Вот меня в редакции «Артхроники» спрашивают, почему сейчас в искусстве такая благость и затишье, куда, мол, активисты подевались. А они никуда не подевались, просто те, кто не захотел быть шутами гороховыми и обслуживать чужие лофты, отвернулись от искусства к более действенным занятиям. Попробовали что-то сделать в искусстве, поняли, что ни о чем серьезном поговорить не удается, и вымылись в уличный простор. Группа «Война», начинавшая с музеев, ушла в уличные революционеры. Группа «Бомбилы» предпочитает участию в выставках занятия «православным стрит-артом». Звоню Александру Бидину из группы «Агенда», спрашиваю его мнение. Он говорит, что участвовать в выставках, подобных той, что в «Артхаусе», все равно что «расписывать барские хоромы». Сам Бидин сосредоточился на медиаактивизме.
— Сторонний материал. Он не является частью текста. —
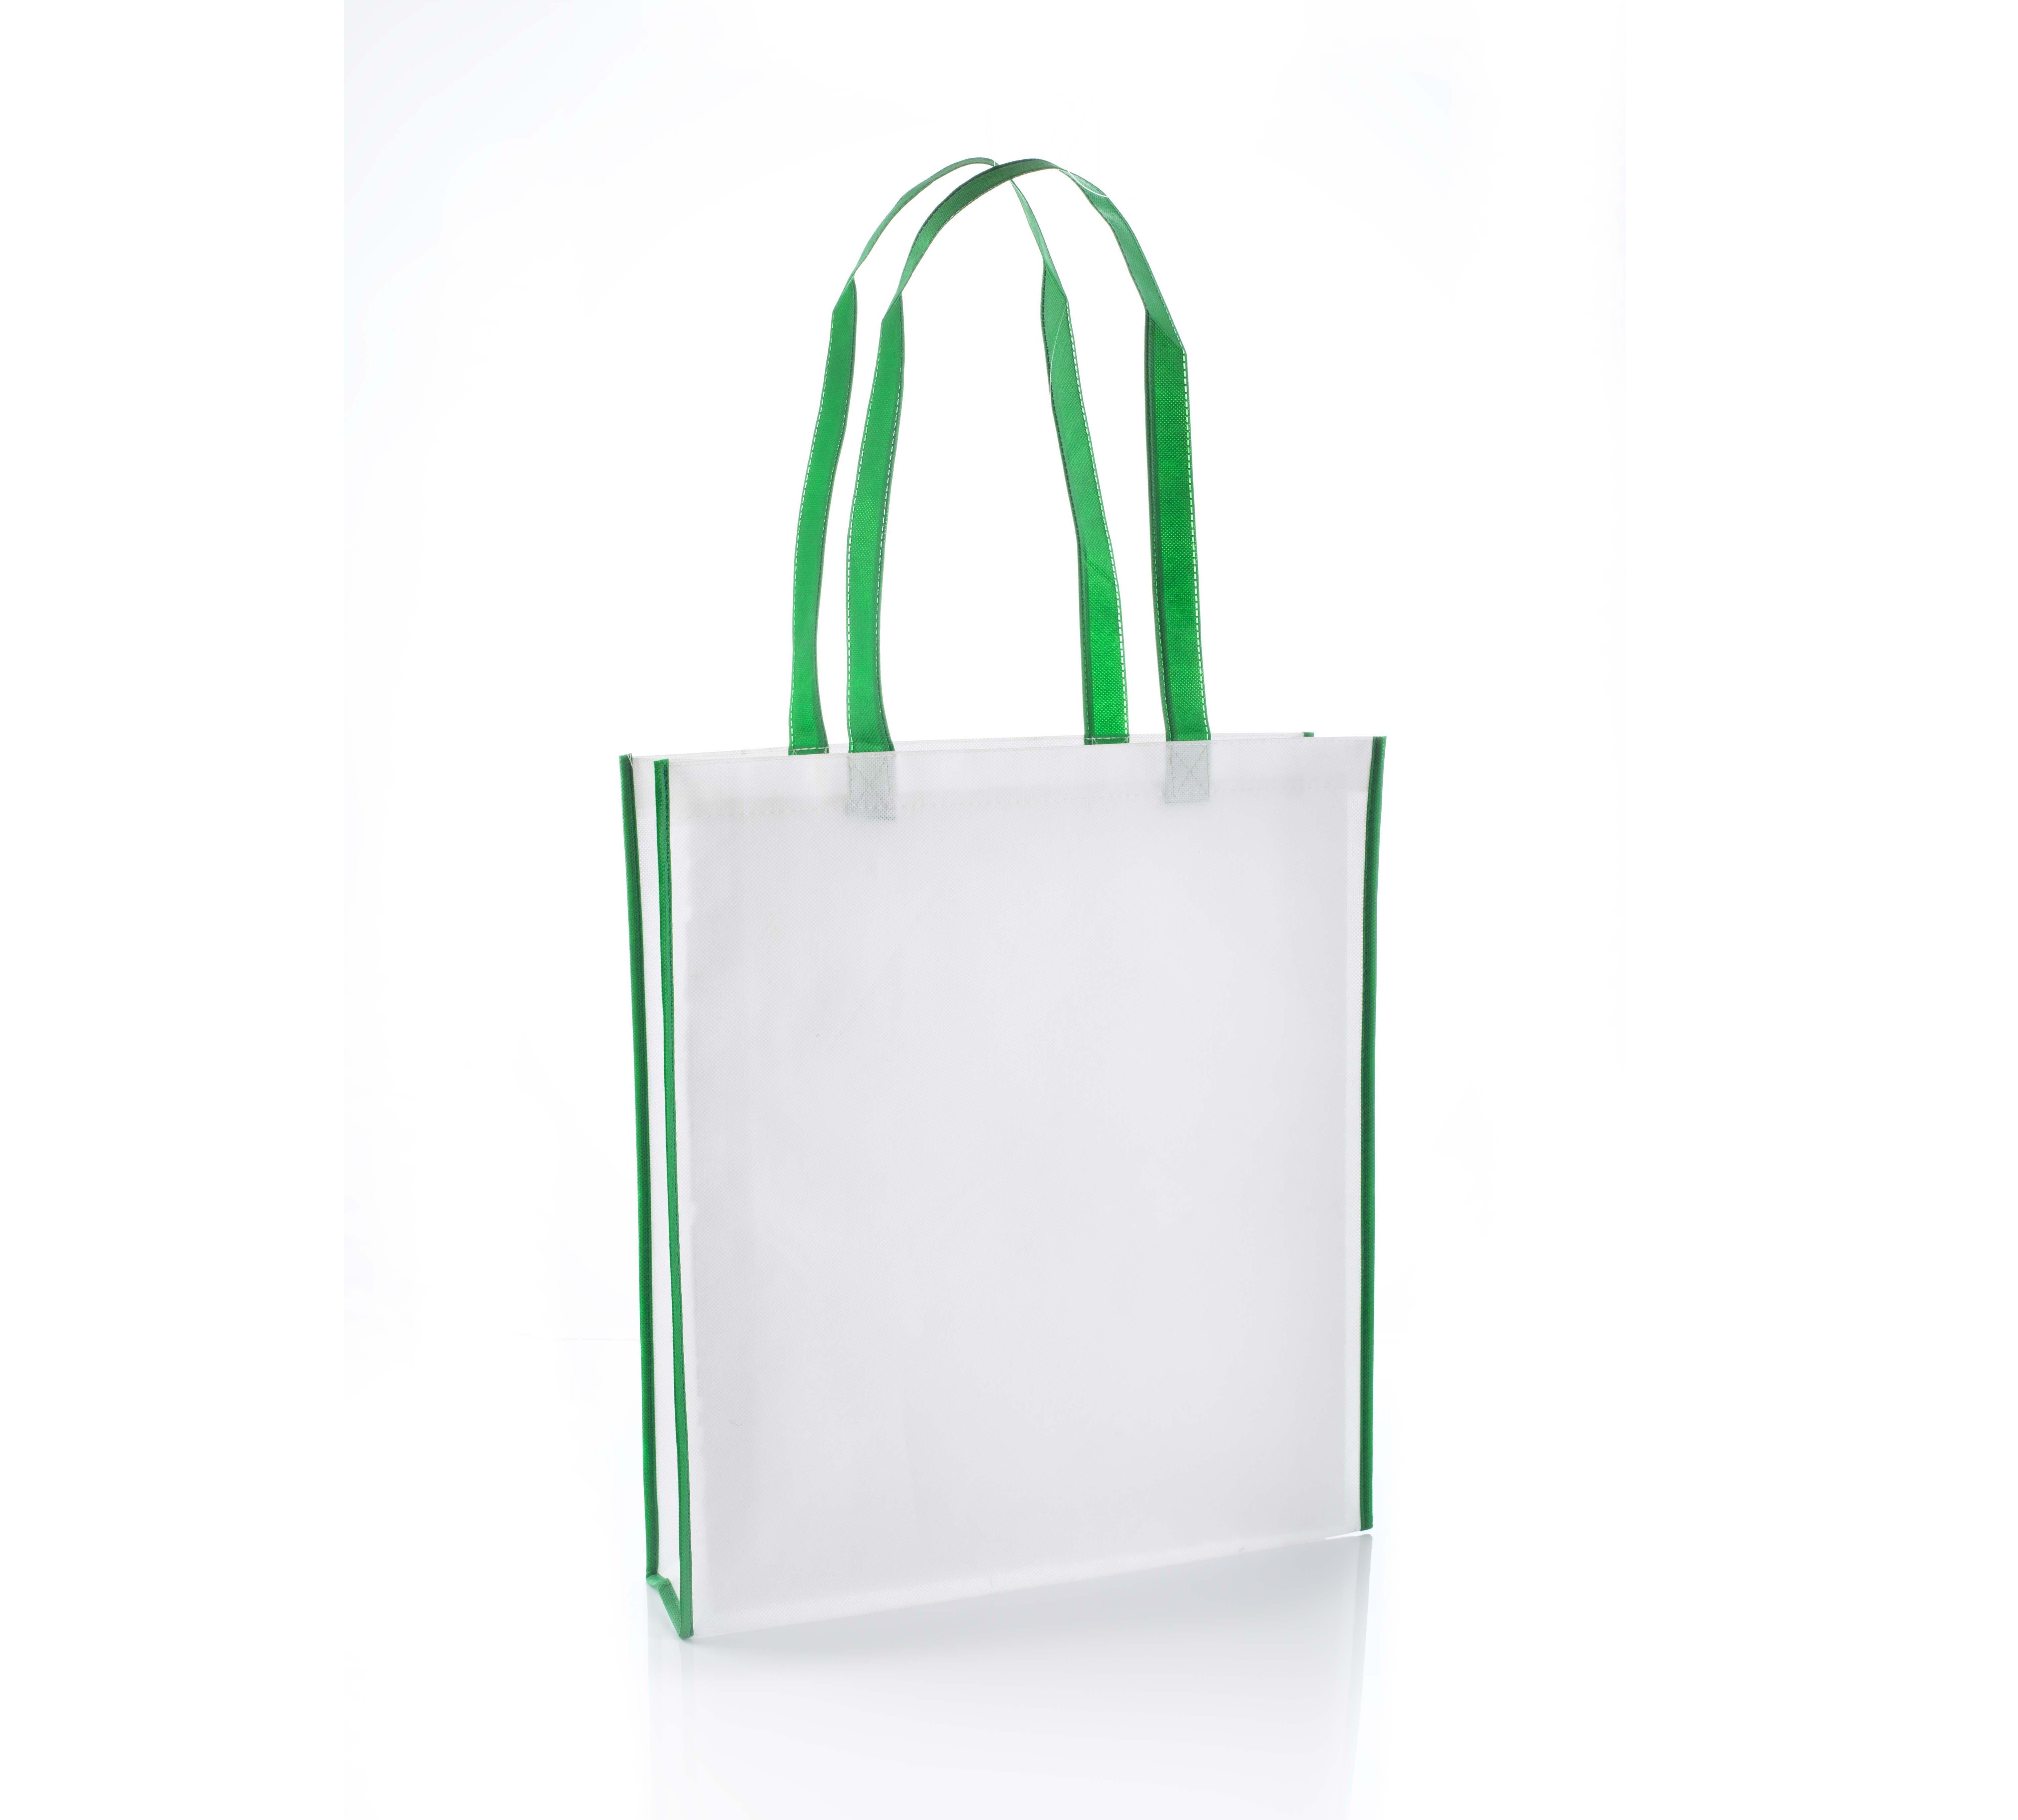 Virginia Green Non Woven Tote Bag

Художник Денис Мустафин считает, что нужно принимать участие там, где есть живая жизнь и движуха. «Нужно захватывать любые неинституциональные пространства и превращать их в свои», – говорит он. Позвонил я еще художнику Дмитрию Булныгину. Я же на основном проекте биеннале не был. А он был. Дай, думаю, узнаю его мнение. Он говорит: «Да не страшно, что ты не был. Там ничего интересного. Гаджеты одни, а не выставка». Спрашиваю: «А сам чего делаешь?» «Да вот, – говорит, – в подземном переходе рядом с домом плафоны в красный цвет раскрасил». На трансформаторной будке к надписи «Опасная зона» медведя единоросовского пририсовал, он там вверх ногами коптится.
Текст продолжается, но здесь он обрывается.